Extracted records:
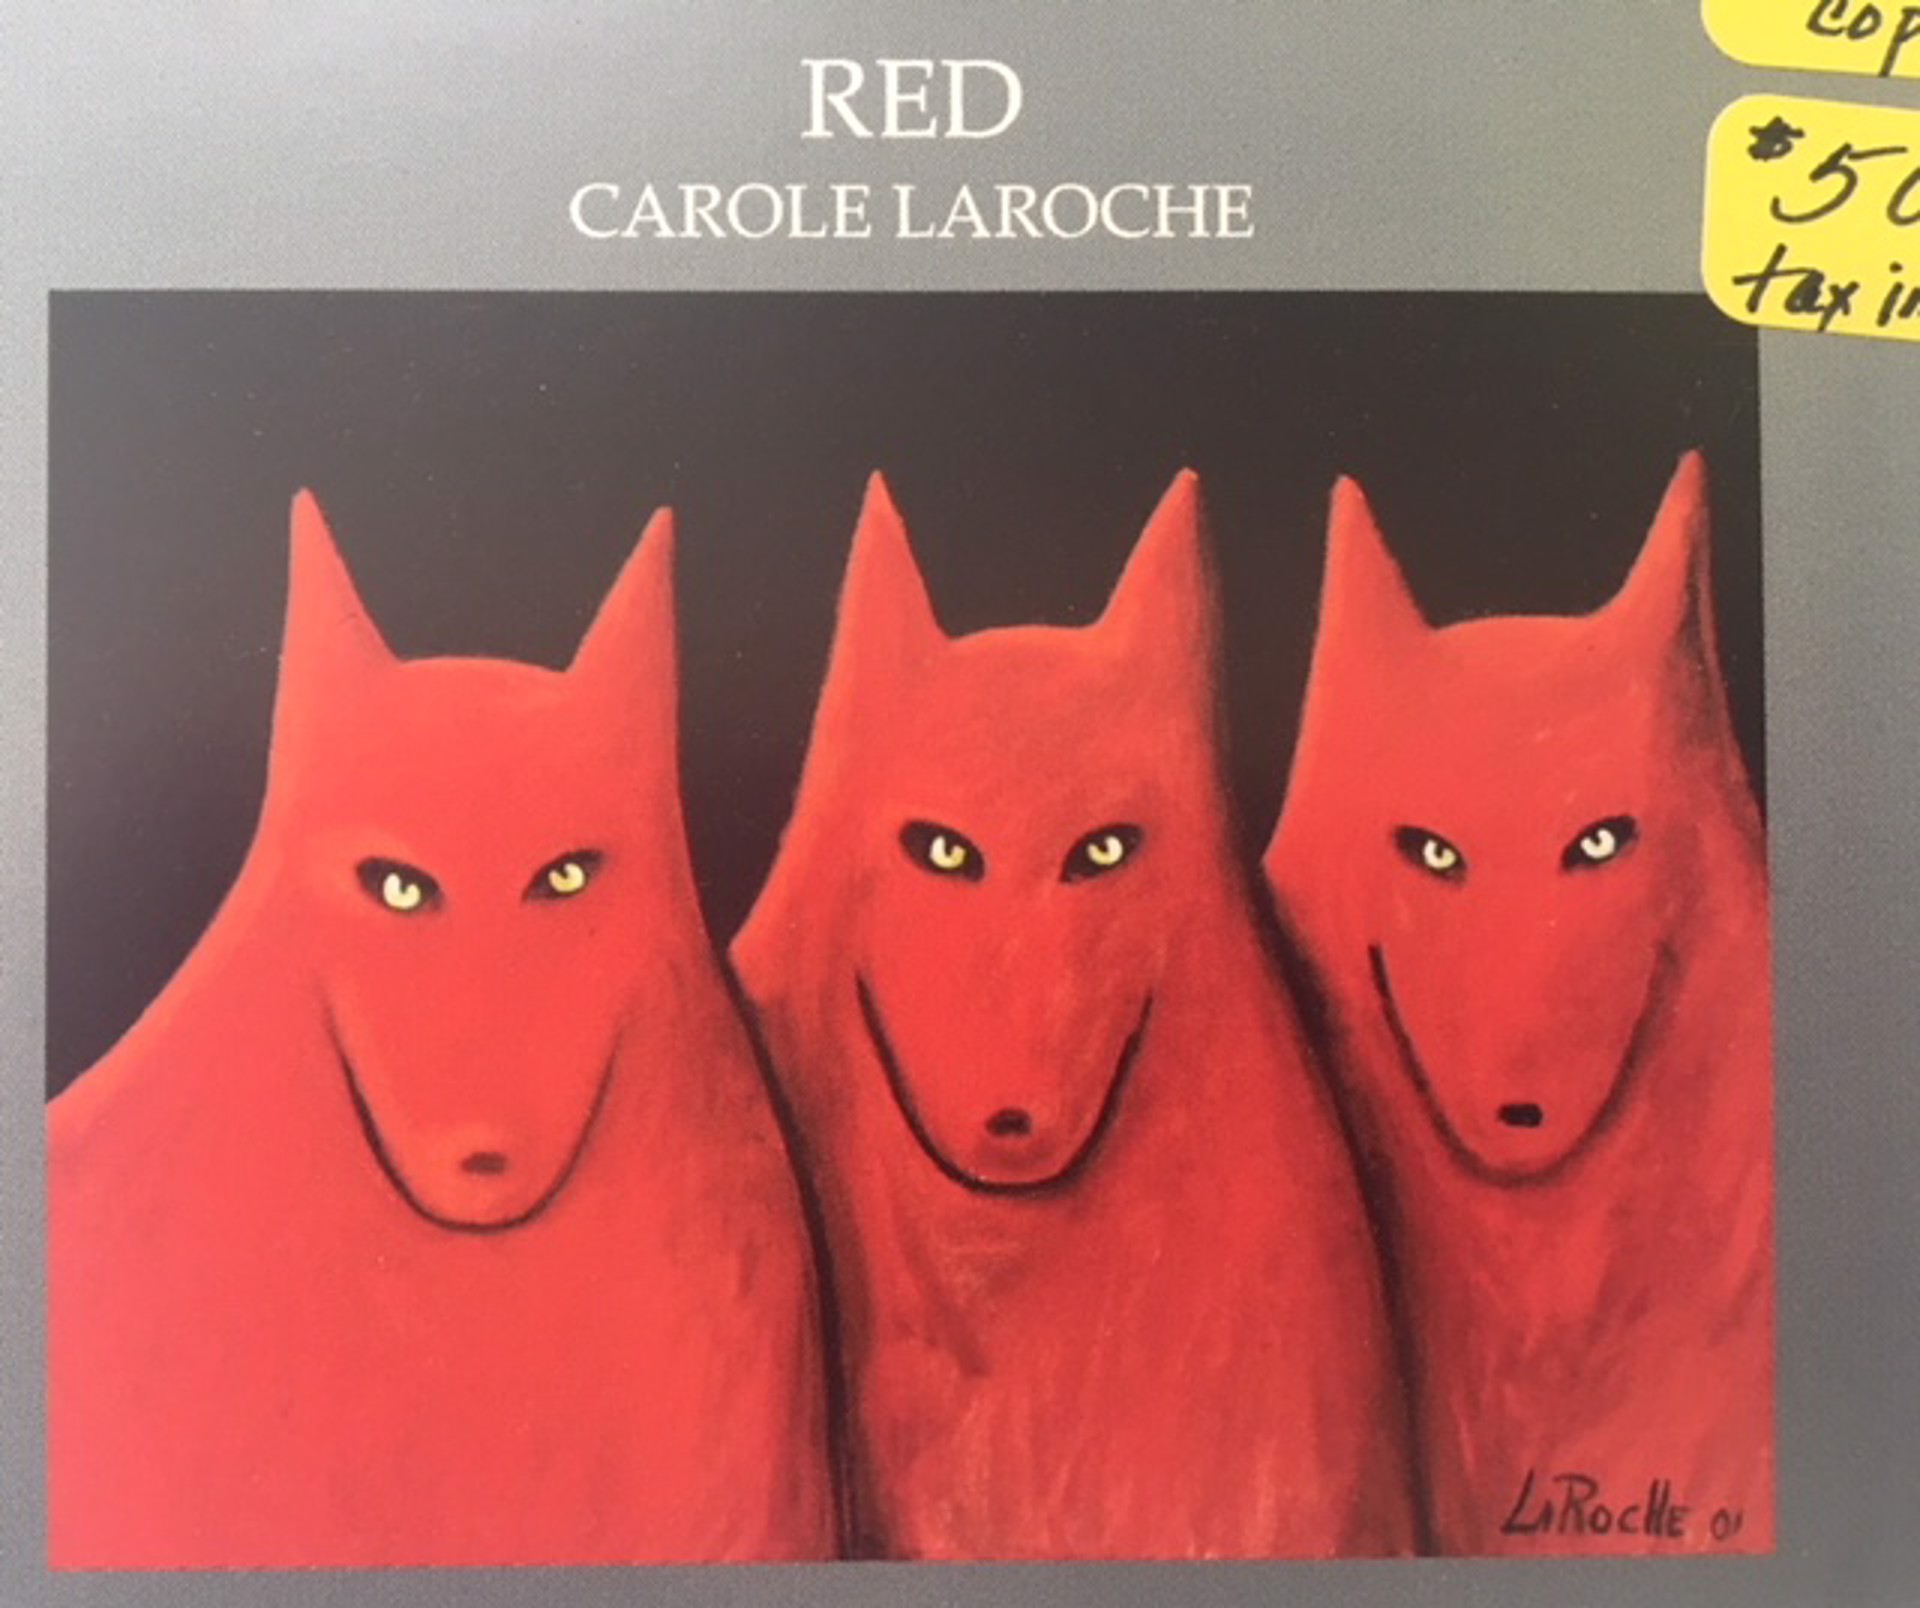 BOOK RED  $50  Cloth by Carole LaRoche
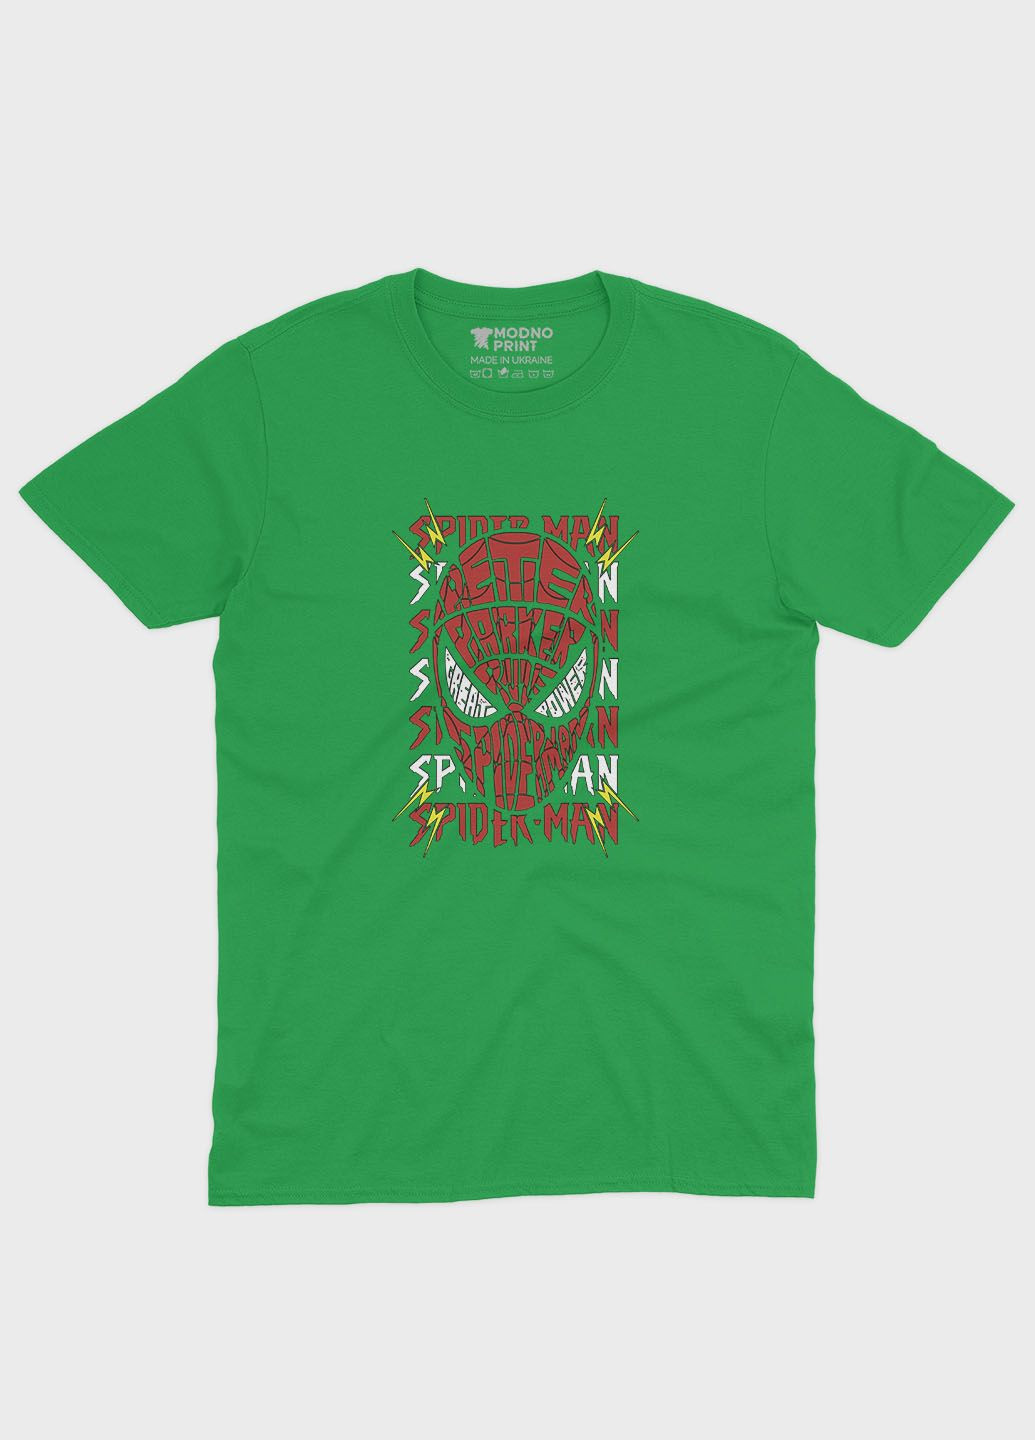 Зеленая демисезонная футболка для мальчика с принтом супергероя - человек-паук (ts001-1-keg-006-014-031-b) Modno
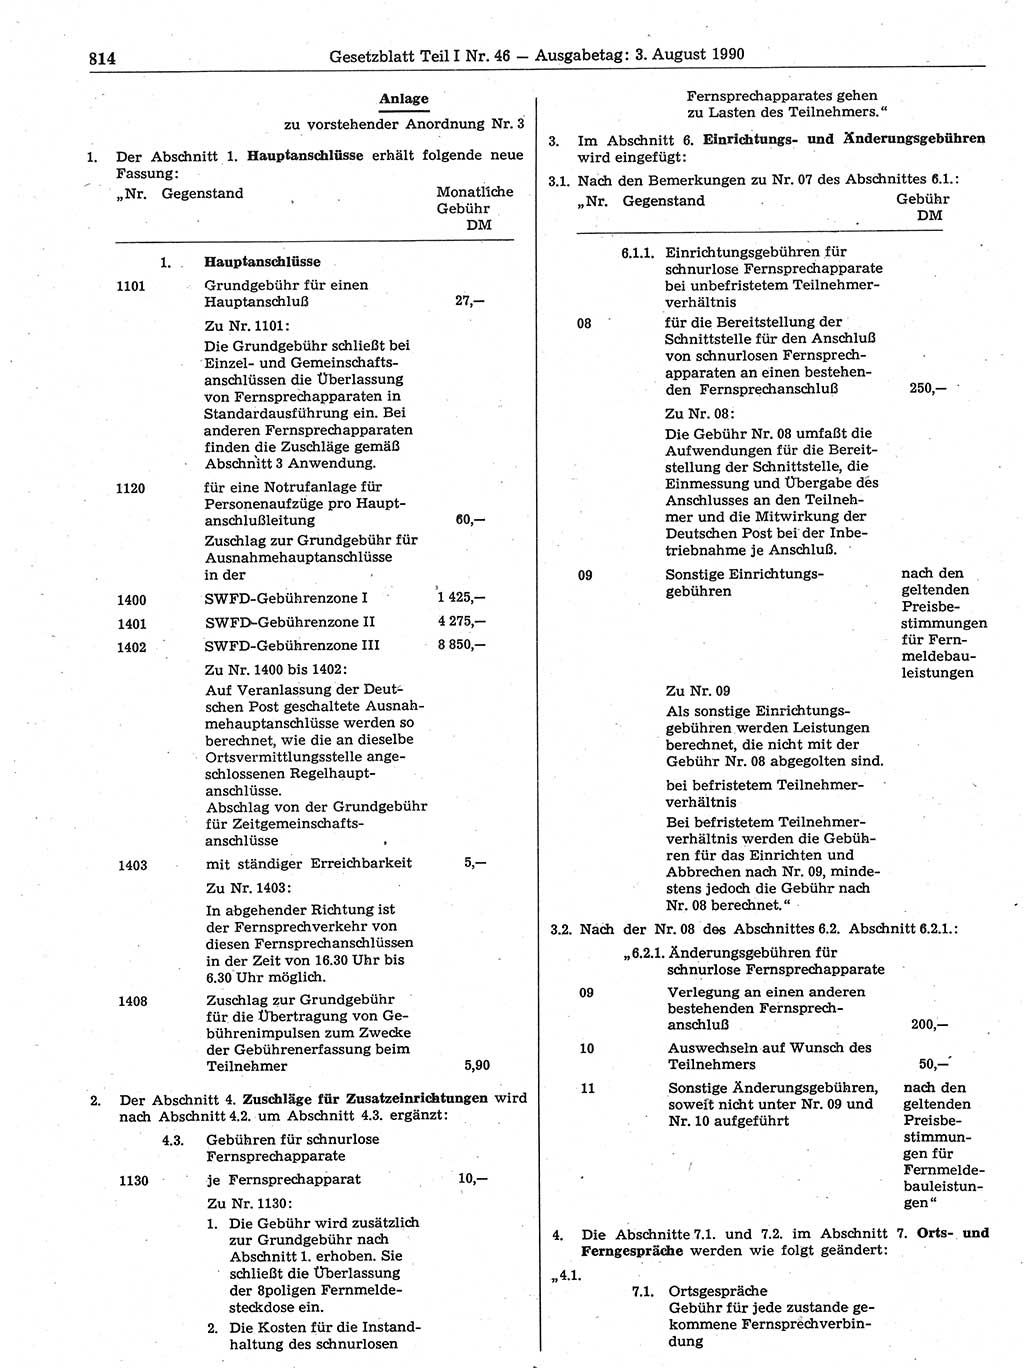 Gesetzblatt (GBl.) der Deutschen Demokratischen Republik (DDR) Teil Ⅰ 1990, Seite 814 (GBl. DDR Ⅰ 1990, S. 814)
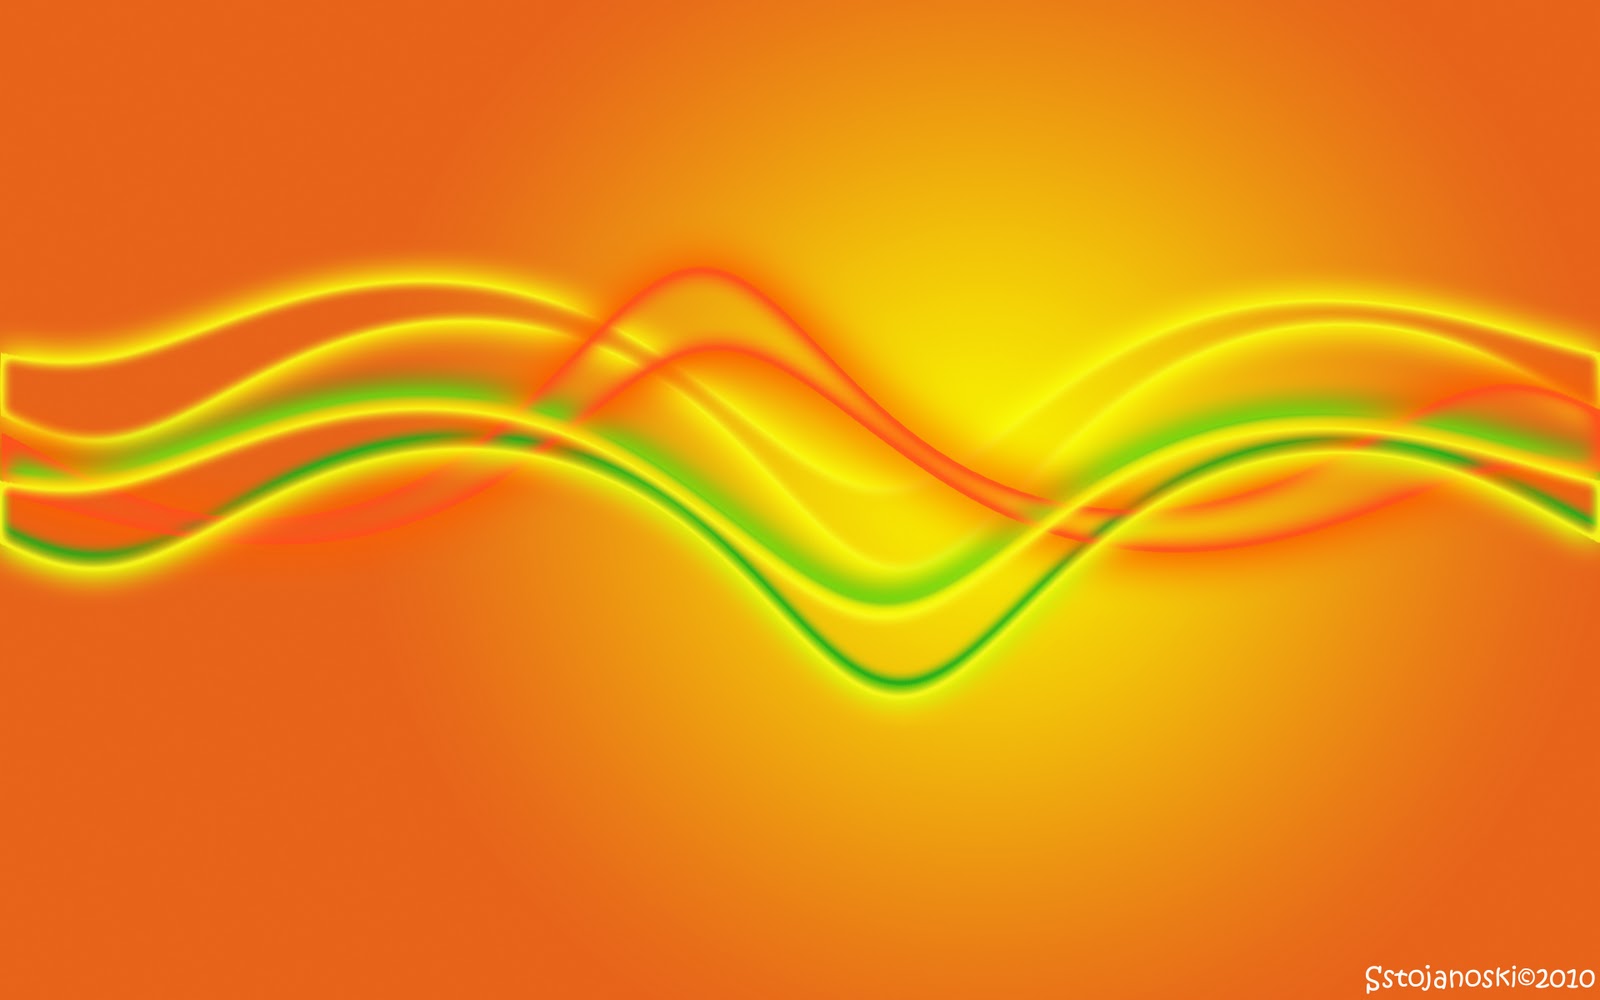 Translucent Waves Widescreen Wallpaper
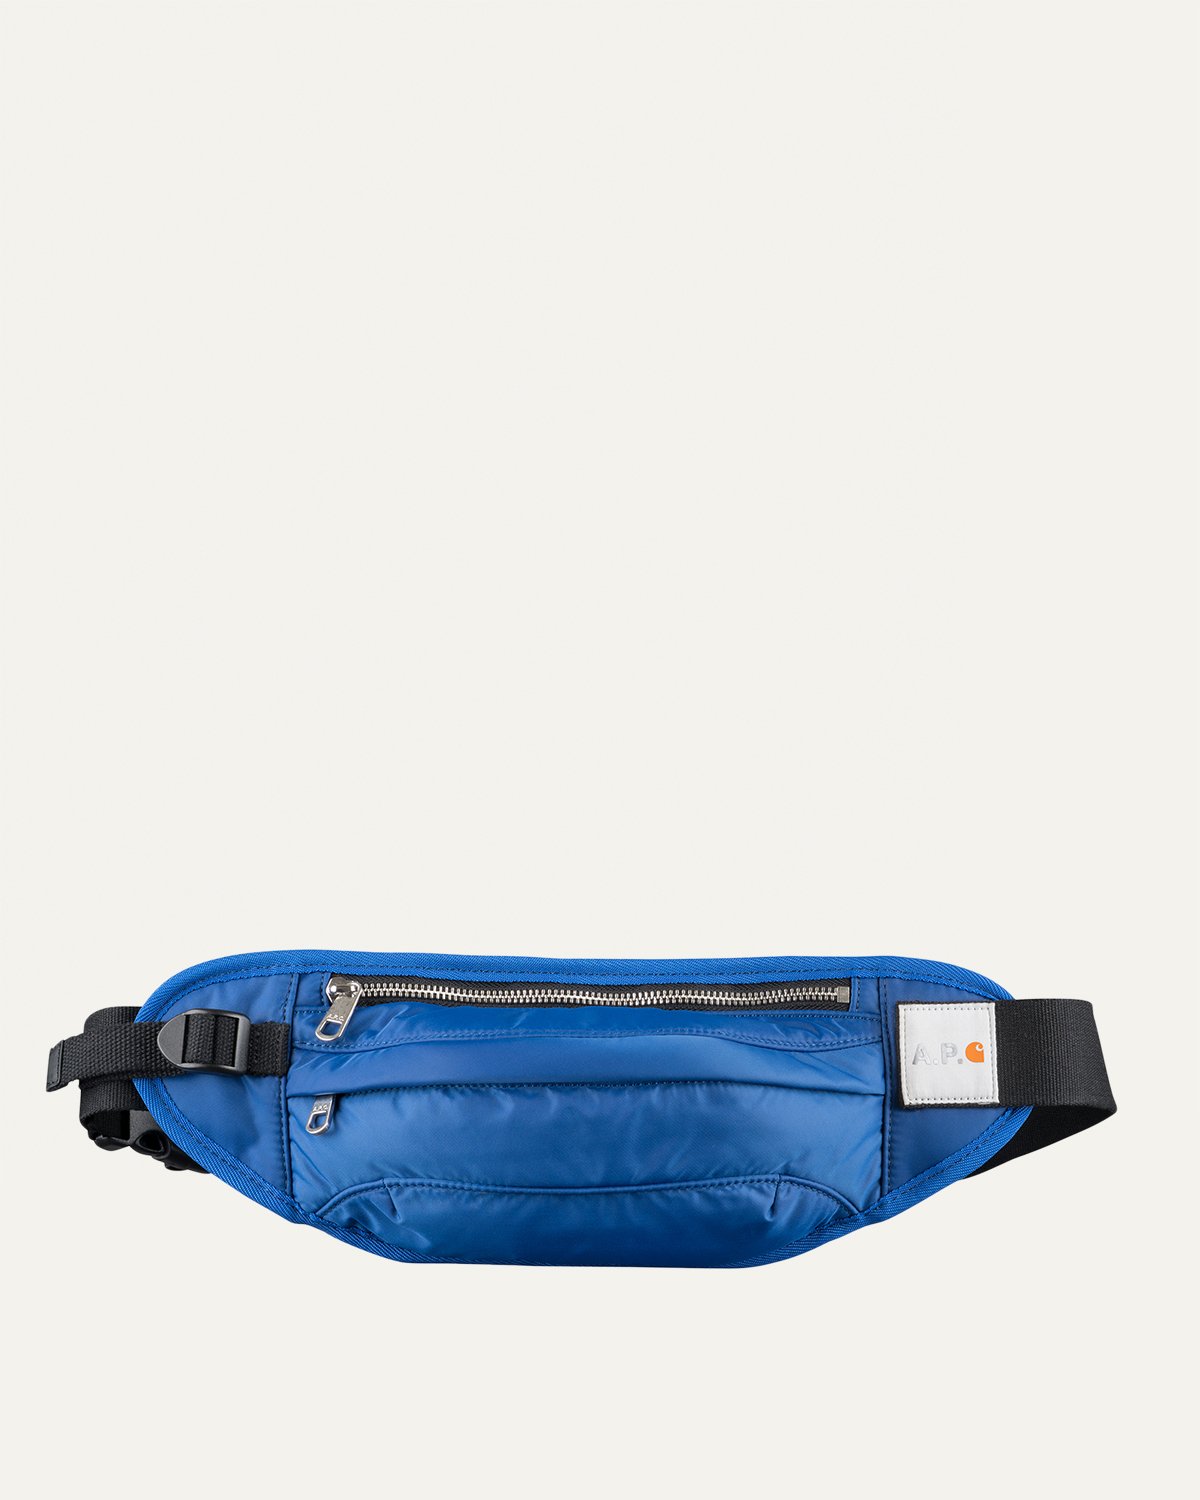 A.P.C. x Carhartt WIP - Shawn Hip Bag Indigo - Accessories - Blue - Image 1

Brief: In the records above, find the line that contains "Translucent Waves Widescreen Wallpaper". Print it and every later line exactly, omitting the pictures.

Answer to this task:
 Translucent Waves Widescreen Wallpaper
 A.P.C. x Carhartt WIP - Shawn Hip Bag Indigo - Accessories - Blue - Image 1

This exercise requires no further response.